### EXERCISE DATA
══════
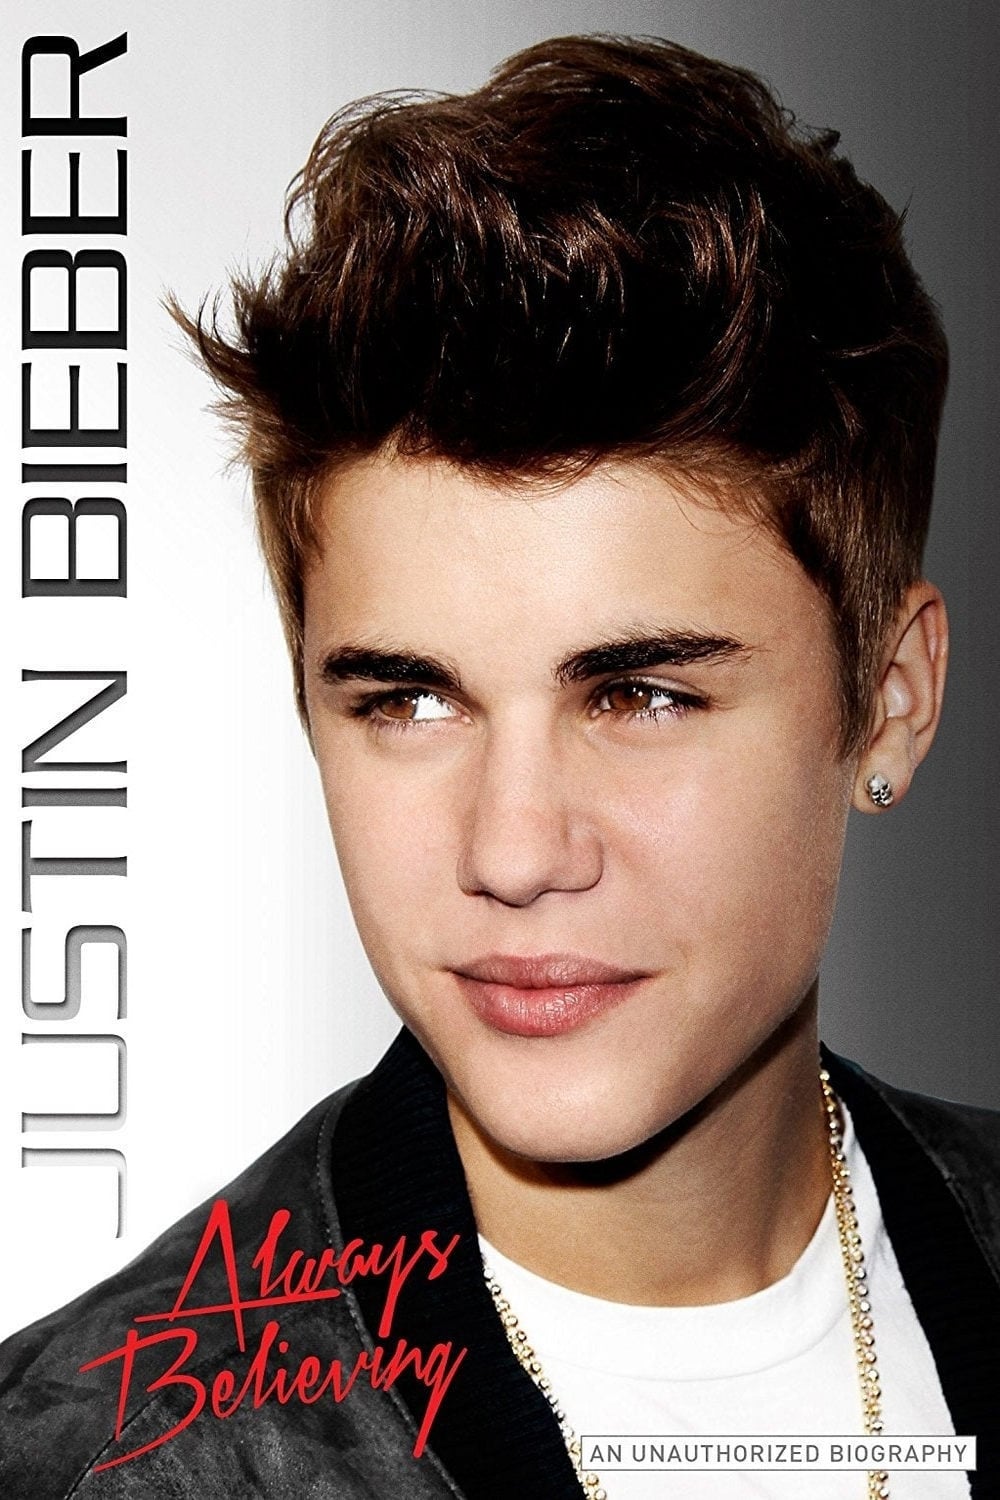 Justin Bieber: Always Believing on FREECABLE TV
══════
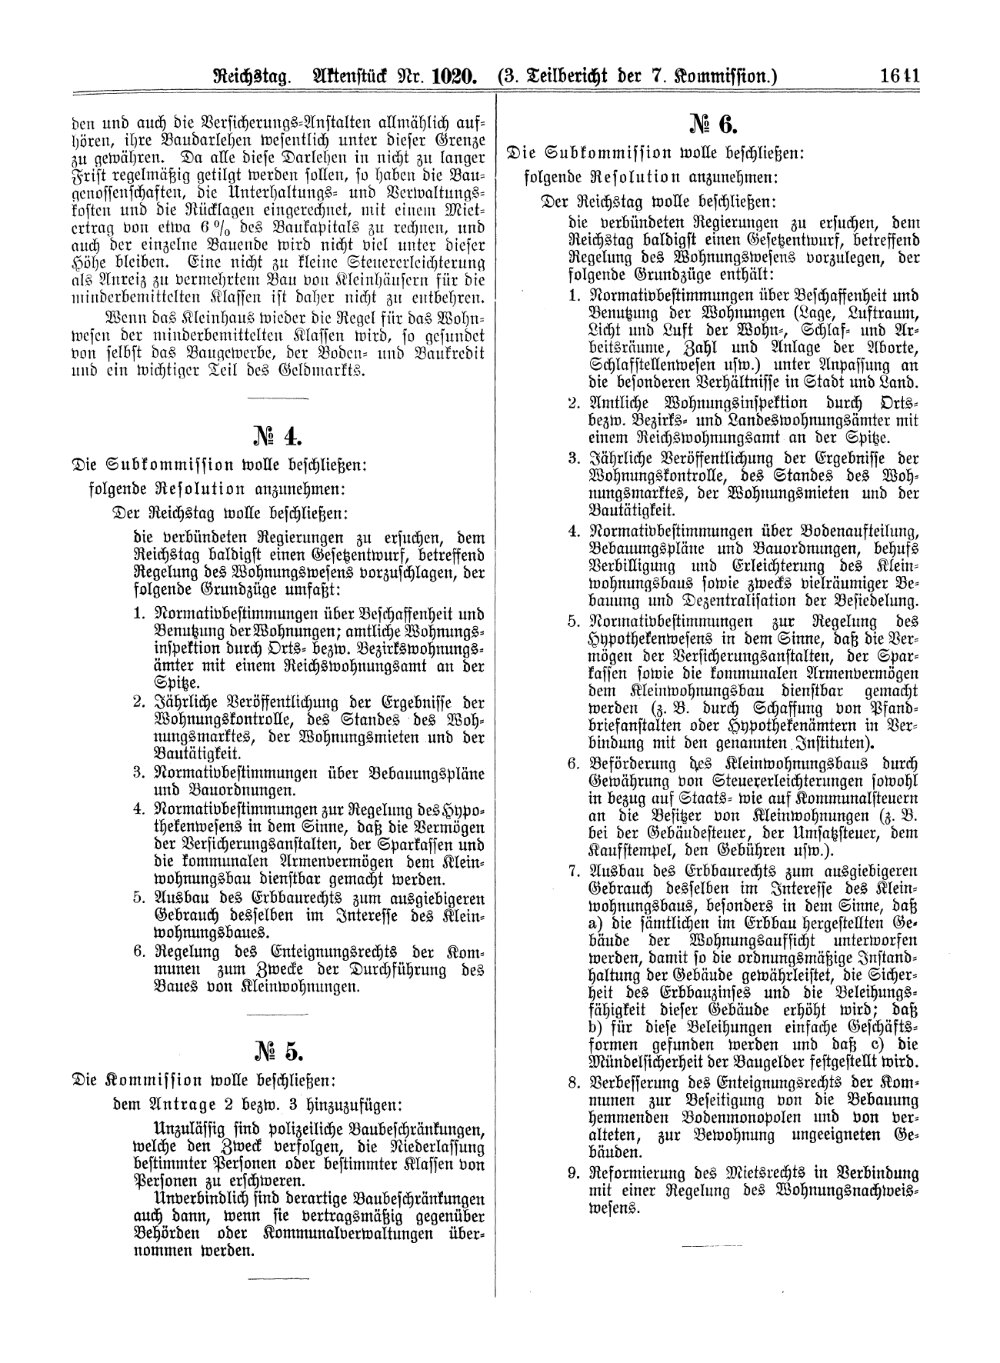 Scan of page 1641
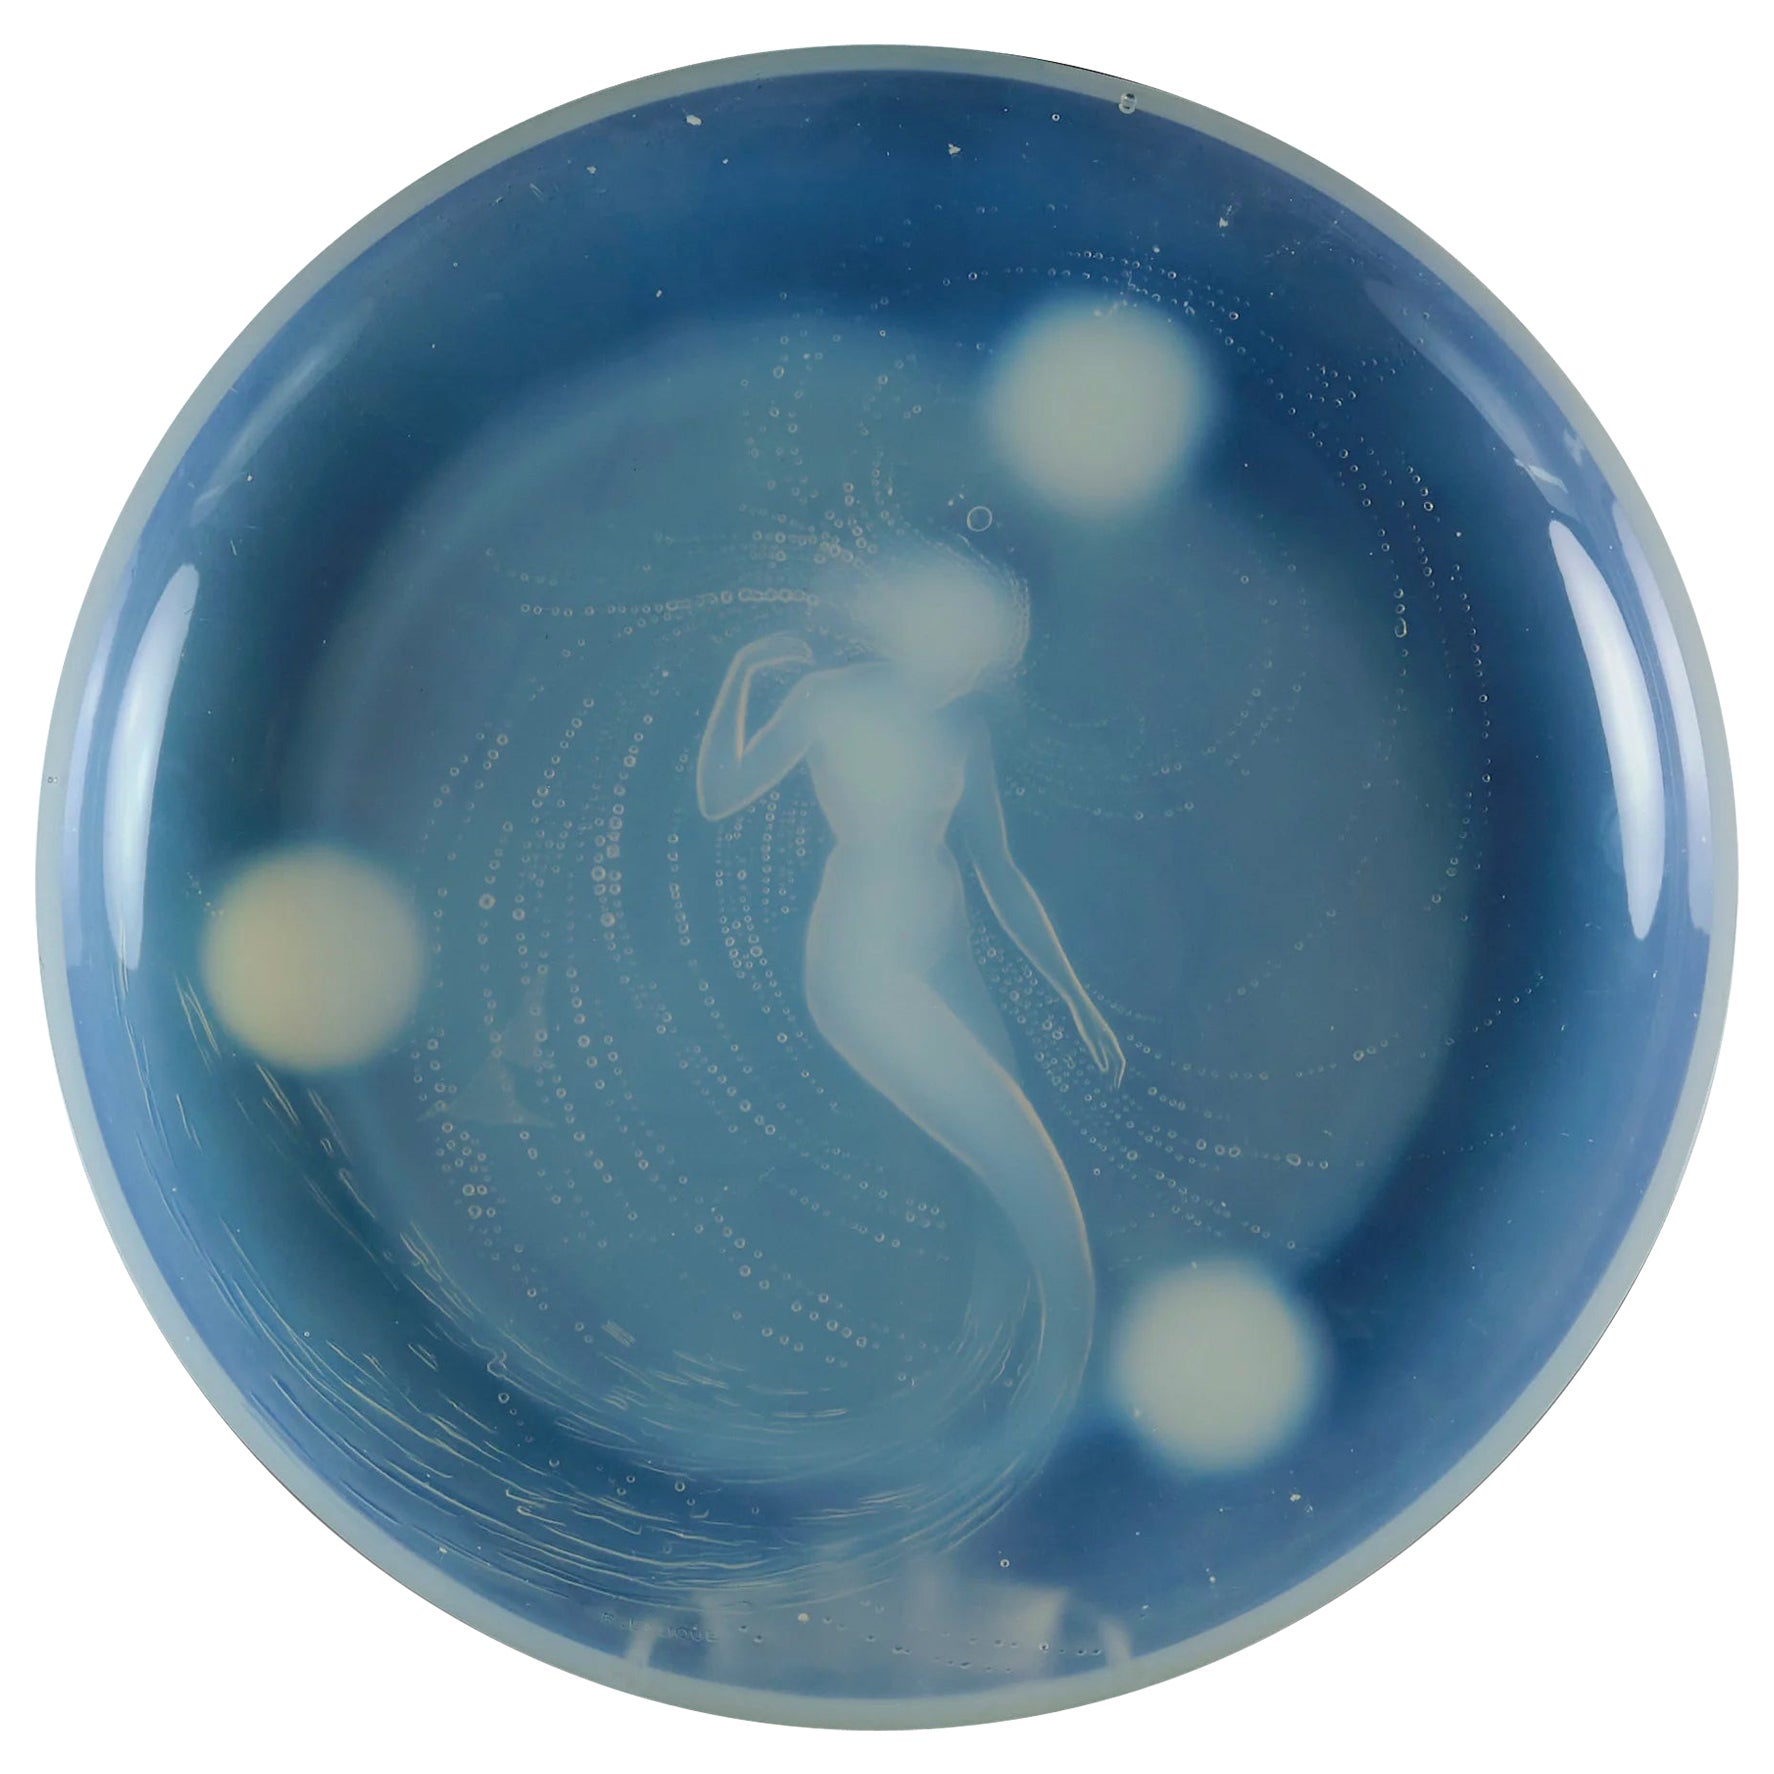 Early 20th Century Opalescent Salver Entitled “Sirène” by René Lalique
══════
### HOW TO COMPLETE THIS TASK
The reply should hold exactly the lines above, starting at the line with "Scan of page 1641" and ending at the line with "Early 20th Century", and no pictures.

### WORKED SOLUTION
 Scan of page 1641
 Early 20th Century Opalescent Salver Entitled “Sirène” by René Lalique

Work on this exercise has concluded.